Die gesamte Handhabung des Plug-Ins ist sehr angenehm. Mehr noch, denn die Tatsache, dass sich Regler per Click-Hold und vertikaler Bewegung und bei Bedarf direktem Click auf den gewünschten Wert einstellen lassen, sollte eigentlich überall Standard sein. Dass beispielsweise mit Click auf eines der drei Power-Birnchen oder in der Fußzeile bypass geschaltet werden kann, gehört ebenfalls in diese Kategorie. Ich wünsche eigentlich, bei Bedienung der gerasterten Regler das saftige Klacken hören zu können, das die Tube-Tech-Originale von sich geben. Ein weiteres Gimmick würde noch auf meiner Wunschliste stehen: Die Regler für Attack und Release sind im “fixed”-Modus ausgegraut. Wie wäre es, wenn sie schlicht und einfach durch “abgenommene” Kappen dargestellt würden. Etwas schade ist, dass man nur komplette Settings für den Classic Channel speichern und aufrufen kann. Ideal wäre es, diese auch mit den verfügbaren Einzelmodulen auszutauschen zu können.

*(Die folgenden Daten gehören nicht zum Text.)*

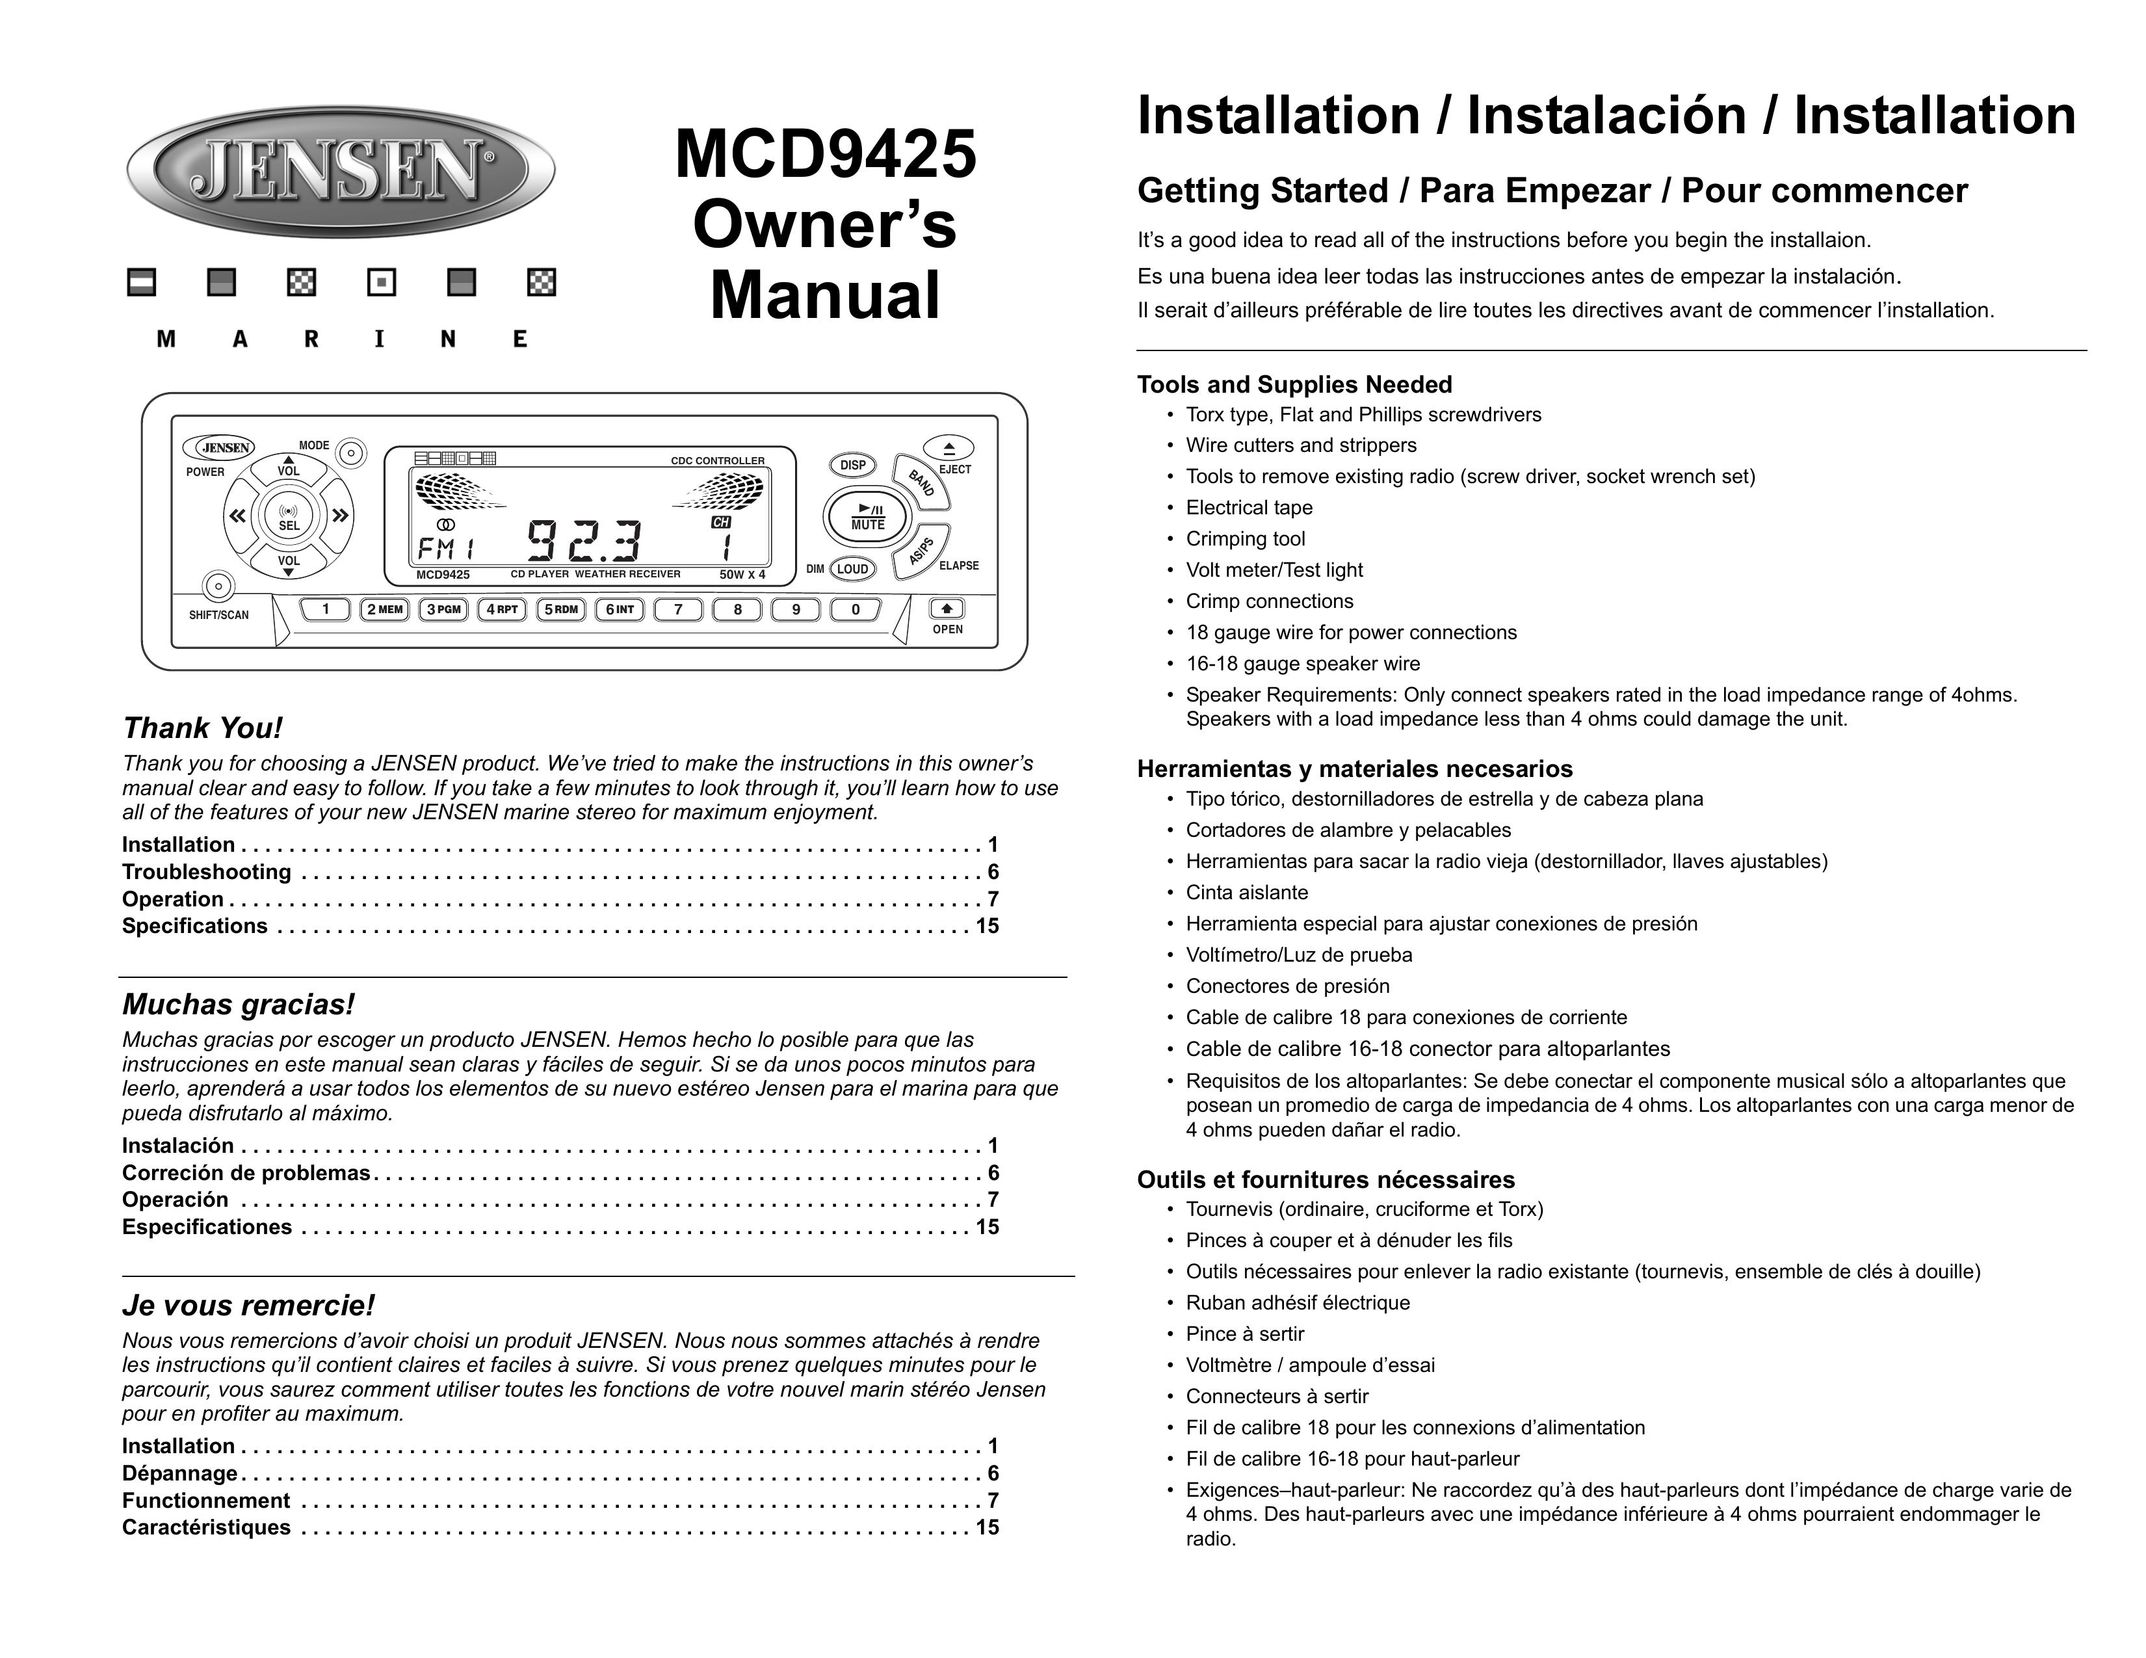 Jensen MCD9425 Car Stereo System User Manual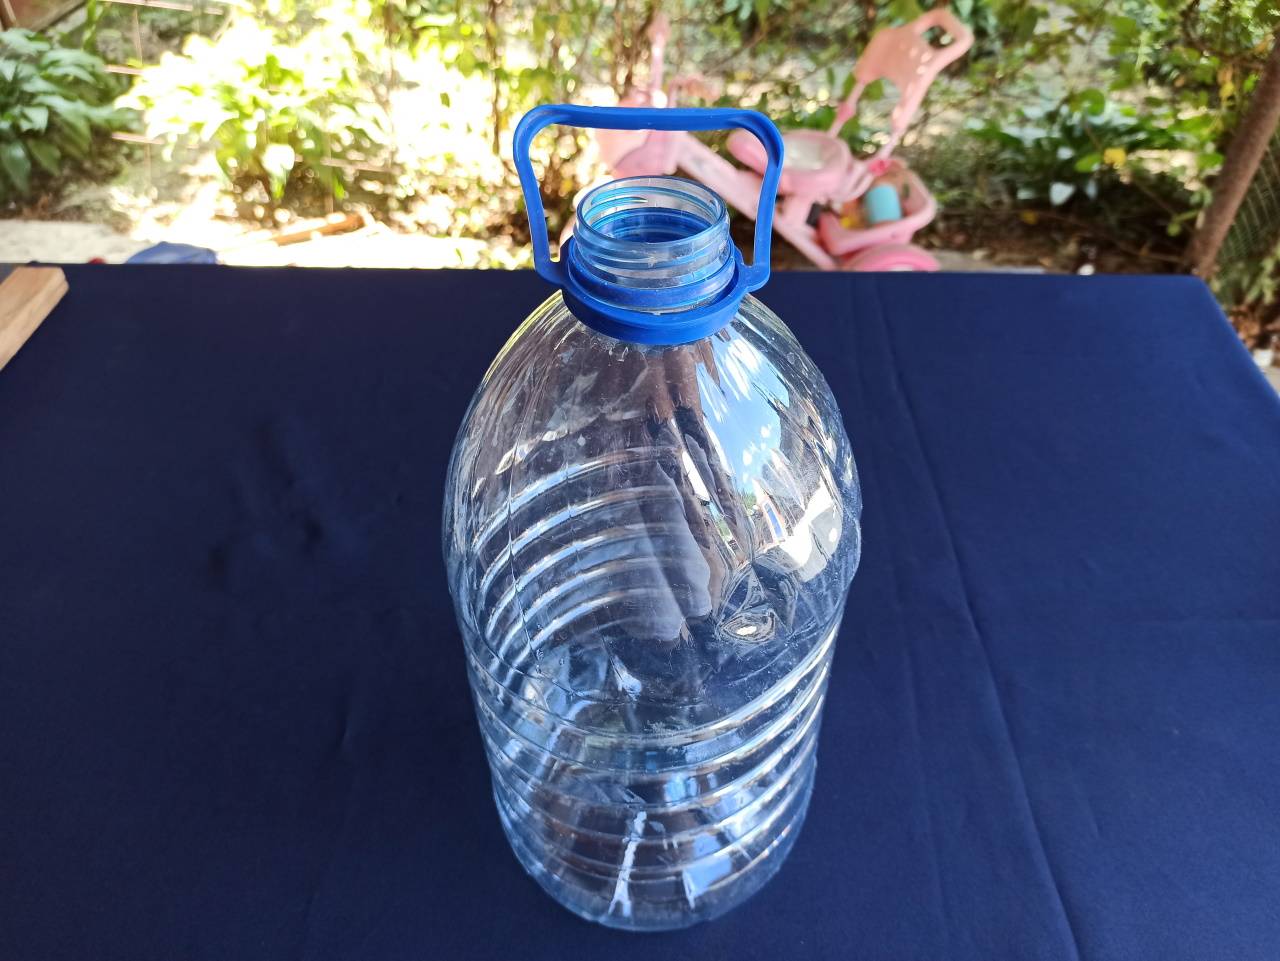 Поделки из пластиковых бутылок - 125 новых фото идей поделок для детей, детей, сада, дачи, дома

Es wird wohl deutlich, dass sich am Classic Channel so gut wie nichts bemängeln lässt. Natürlich kann man der Meinung sein, dass das EQing gewöhnungsbedürftig und umständlich, nicht clean genug sei, zu sehr färbt und “Unordnung” bringt oder ein LA2A besser klänge – das wäre dann aber nicht Softube anzulasten. Ihre selbstgestellte Aufgabe – eine möglichst originalgetreue Replik dreier Tube-Tech-Geräte zu entwickeln – haben sie mit Bravour erledigt. Wer nicht als Plug-In-Sammler seine Zeit totschlagen, sondern professionell an der DAW arbeiten will, der benötigt als Grundstock Klone von 1176, LA2A, Fairchild, Neve- und SSL-EQs – und eben den Classic Channel. Dazu ein-, zwei feine Reverbs, ein flexibles Delay, einen Modulationseffekt – fertig ist die kleine, aber flexible Werkzeugkiste.